CHP’li Doğan Şubaşı; ”Bu partizan siyaset anlayışı halk tarafından mutlaka tarihe gömülmelidir”
Geçtiğimiz günlerde İstanbul Büyükşehir Belediye Başkanı Ekrem İmamoğlu’nun İSKİ’yle ilgili yaptığı basın açıklamasının yankıları sürüyor. Bilindiği üzere, Başkan İmamoğlu mazbatasını alır almaz İstanbul’un içme suyunda yüzde 40’ın üzerinde indirim uygulamıştı. Bu tarihten sonra üç yıldır AKP meclis üyelerinin oylarıyla İSKİ’nin su satış bedelinde yükseliş yapılmasının engellenmesi tartışmaları büyütüyor ve tepkileri yükseltiyor.
Zira, ülke çapında yaşanan elektrik krizi halen aşılabilmiş değilken, elektriğe uygulanan zammın dörtte birinin dahi İstanbul’daki su hizmetine verilmemiş olması İSKİ’nin kurumsal işleyişini sekteye uğratacak boyutlara varabilir.
Bunun sorumlusunun başlı başına AKP hükümeti olduğunu ifade eden siyasilerin arasına CHP İBB Grup Başkanvekili Doğan Subaşı da katıldı. Durumu genel hatlarıyla aktaran Subaşı, sosyal medya hesabından yaptığı açıklamayı “Bu partizan zihniyet tarihe gömülmelidir.” sözleriyle bitirdi. İşte Doğan Subaşı’nın yaptığı o açıklama…
İSKİ Genel Kurulu ardından
1) Geçtiğimiz hafta yapılan İski Genel Kurulu’ndan su tarifesine “sıfır” zam çıktı. Peki sadece bu mu oldu? Genel Kurul sonuçları nelerdir? Kamu kurumları halka aittir. Buralarda neler olduğunu bilmek, halkın hakkı ve görevidir.
Öyleyse anlatalım
2) İSKİ Genel Kurulu’nda İSKİ’nin ek ödenek talebi, revize yatırım programı ve 2022 yılı su tarifesi, AKP oylarıyla ret edilmiştir.
2a) Bu red kararı sonucunda, Elektrik, doğalgaz ve diğer girdi fiyatlarındaki zamlara, artan döviz kurlarına rağmen, İSKİ’nin İstanbullulara verdiği su bedeline, “yüzde sıfır” zam yapılmıştır.
2b) Tarifelerde İçme suyu-atıksu ayrımı yapılamadığından, buna bağlı bir yığın hukuki sorun doğmuştur.

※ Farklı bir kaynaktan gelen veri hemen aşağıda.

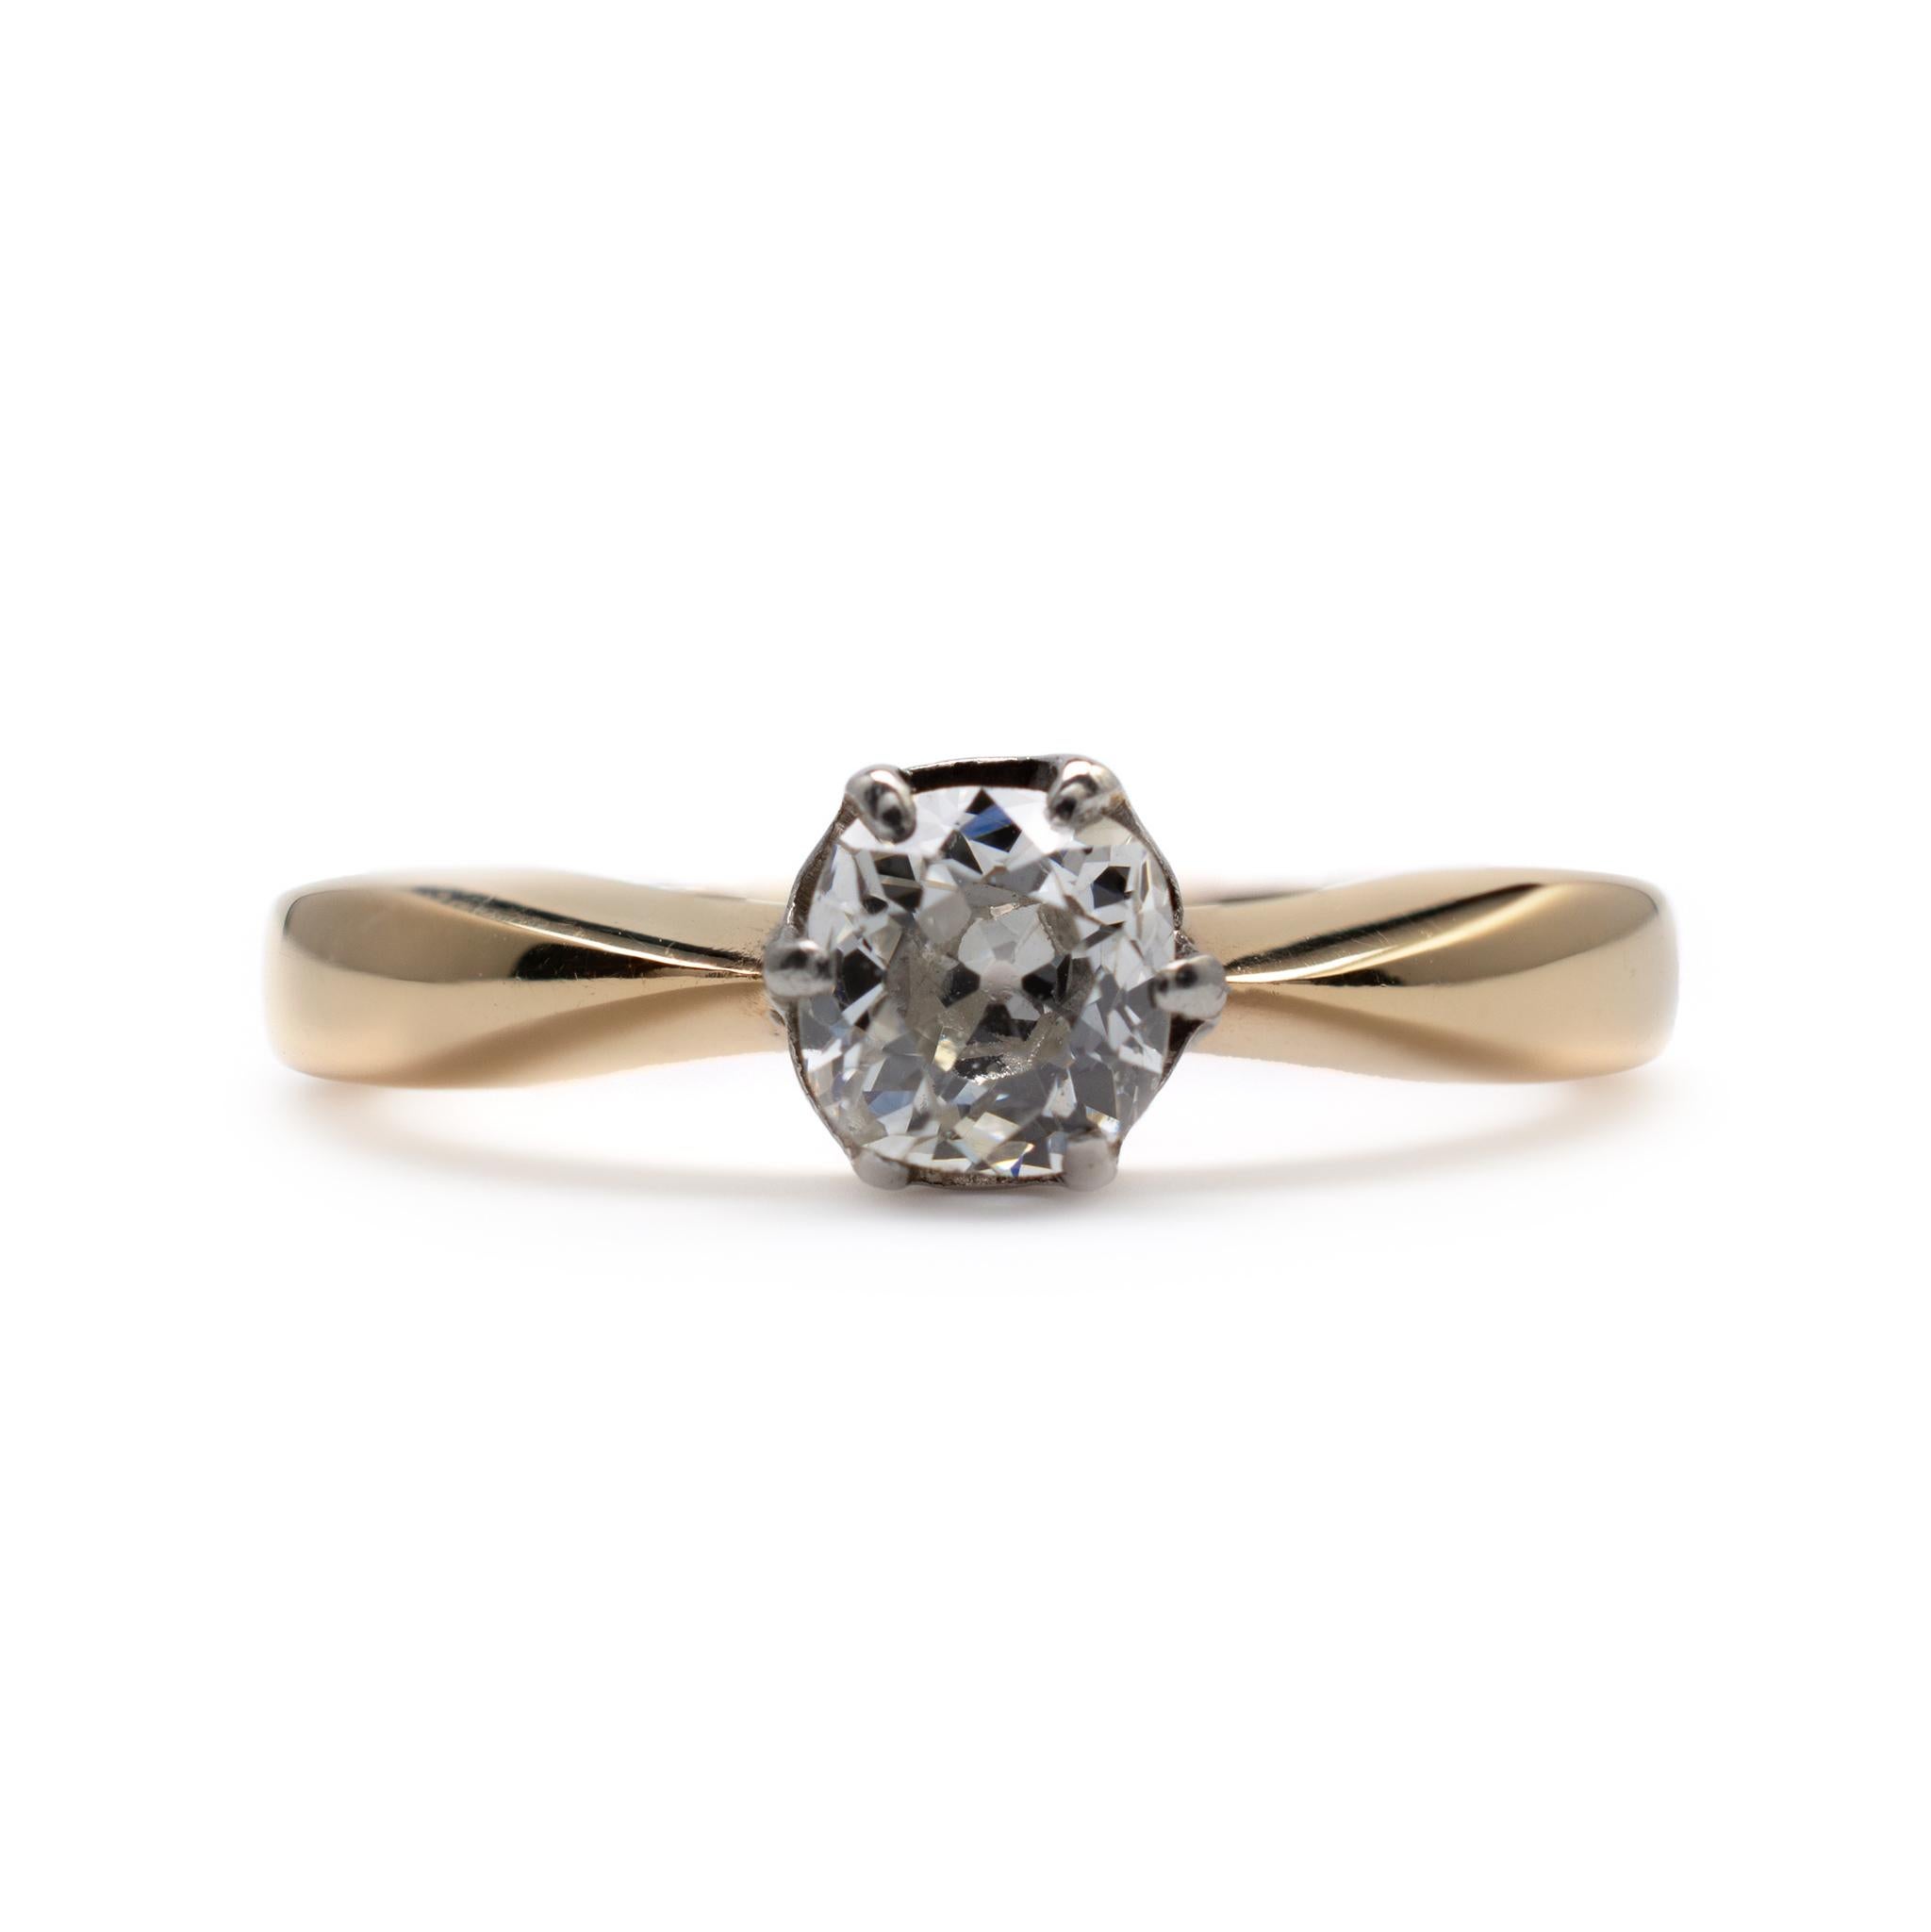 This diamond solitaire engagement ring is set with a cushion-cut 0.50-carat diamond.

Crafted in 18ct yellow gold, the shank has beveled edges with pinched reverse tapered shoulders. The diamond is neatly secured into a decorative rex style

2c) “Kırsal mahalle su tarifeleri” ile ilgili de karar alınamadığından, İstanbul’un bazı kırsal mahallelerine düşük tarife uygulanamayacaktır.
2d) C.bşk KHK ile verilen “insani su hakkı indirimi”, uygulamaya girememiştir. Çünkü bu hakkın uygulamaya girebilmesi için, Genel Kurul kararı gerekir.
3) Meclislerde kararlar alınırken, yapılan siyasal tartışmalarda ve alınan kararlarda, bunların devleti ve toplumu nasıl etkilediği, mutlaka göz önünde tutulmalıdır. Çünkü Meclisler bunun için vardır.
4) Siyaset yapacağım derken, alınan kararların devlet ve toplumda ne gibi sonuçlar yaratacağını hiç düşünmeden, aldığı kararlarla kamu kurumlarının kurum yapısını ve işleyişini bozmak, bir AKP klasiğidir. “Partizanlık” dediğimiz, işte tam budur.
5) Bu partizan siyaset anlayışı, halk tarafından mutlaka tarihe gömülmelidir.